ITT We try and piss off Euclid as hard as possible. First, using curved lines, we are going to create a shape that follows the rules and parameters of a square, but is not a square.
>TFW Squares and Circles are related but Triangles are not
>using curved lines
Pretty sure Euclid would be OK with that.
Also it would help if you stated what properties and parameters a square has, is there anything apart from four equal 90 degree angles, all equal sides, consisting of only straight lines?
You can't defy Euclid.
And if you can, I'd like to see it.
google non-euclidian geometry
>>7780446
I think we're assuming that OP is working on a plane.
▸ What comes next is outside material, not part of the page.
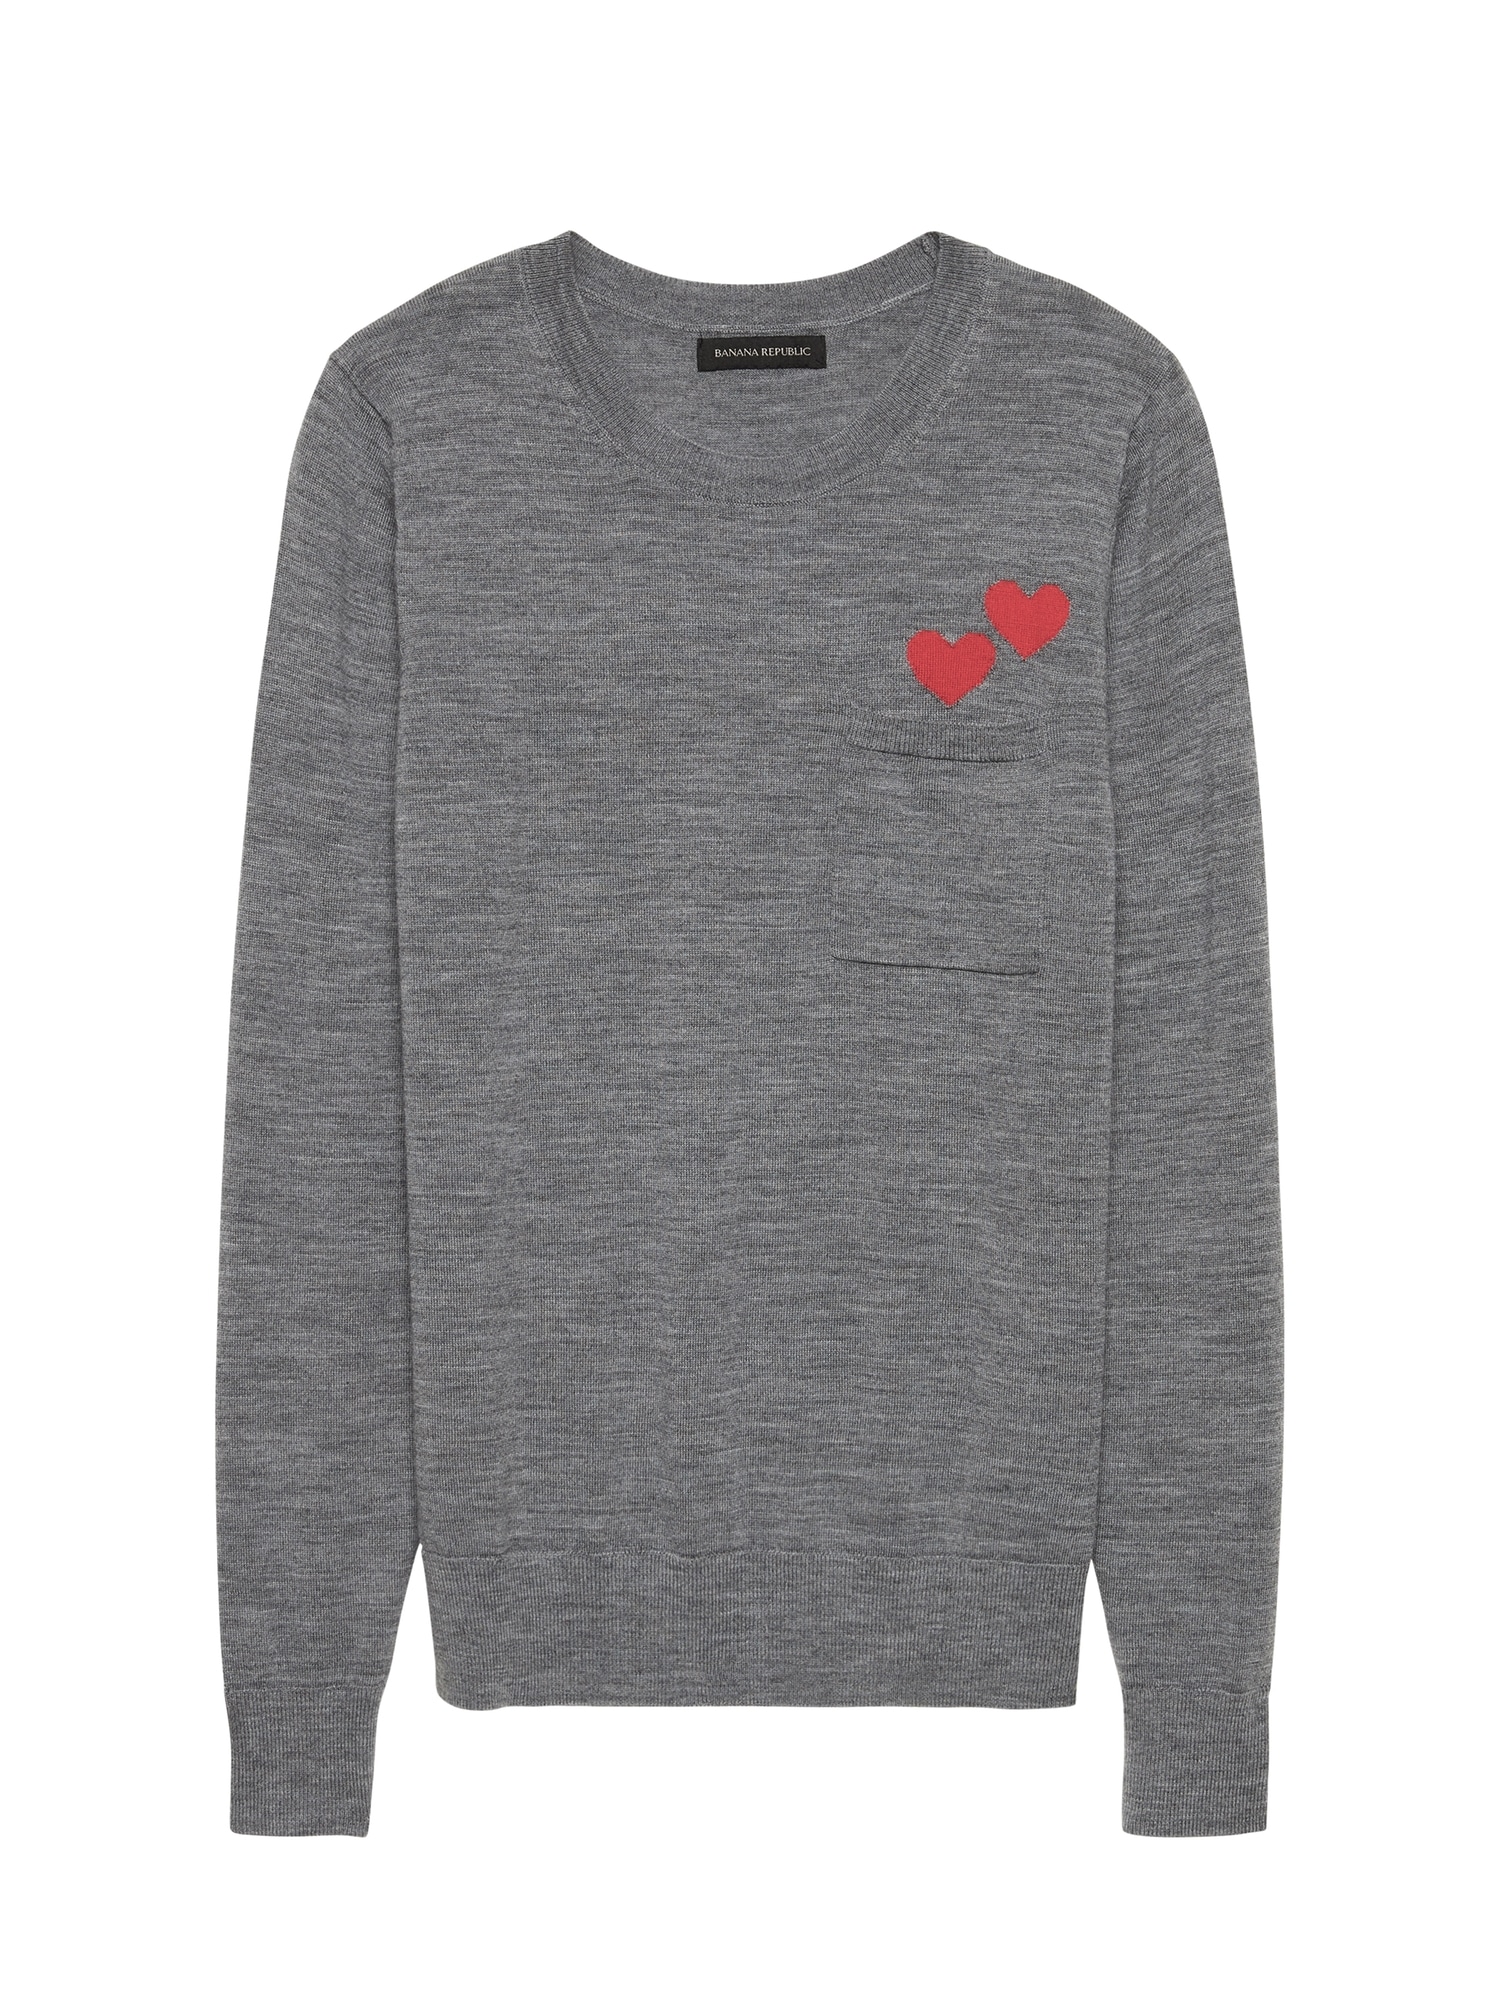 Heart Pocket Sweater

We all know about non-euclidean geometry, but he isn't "defying Euclid" by using different axiom(s).
>>7780428
>We
We? You? Who?
*burp*
>>7780428
>curved lines
wat
>>7780619
What is this? I've seen this pic before with no explanation, only a statement that it's someone's amateur work.
>>7780428
>>TFW Squares and Circles are related but Triangles are not
Quadrilateral <-> Triangle
Square <-> Equilateral Triangle
In the future, when something looks like it doesn't make sense, just assume that it's because you're a fucking moron.
[math] R\left( {X,Y} \right)Z = {\nabla _X}{\nabla _Y}Z - {\nabla _Y}{\nabla _X}Z - {\nabla _{\left[ {X,Y} \right]}}Z [/math]
>>7780937
All lines are straight in their respective geometry. When that geometry is projected lines can get curved.
>>7781090
>All lines are straight in their respective geometry.
Shouldn't this be more like: "all geodesics have zero acceleration in their respective metrics?"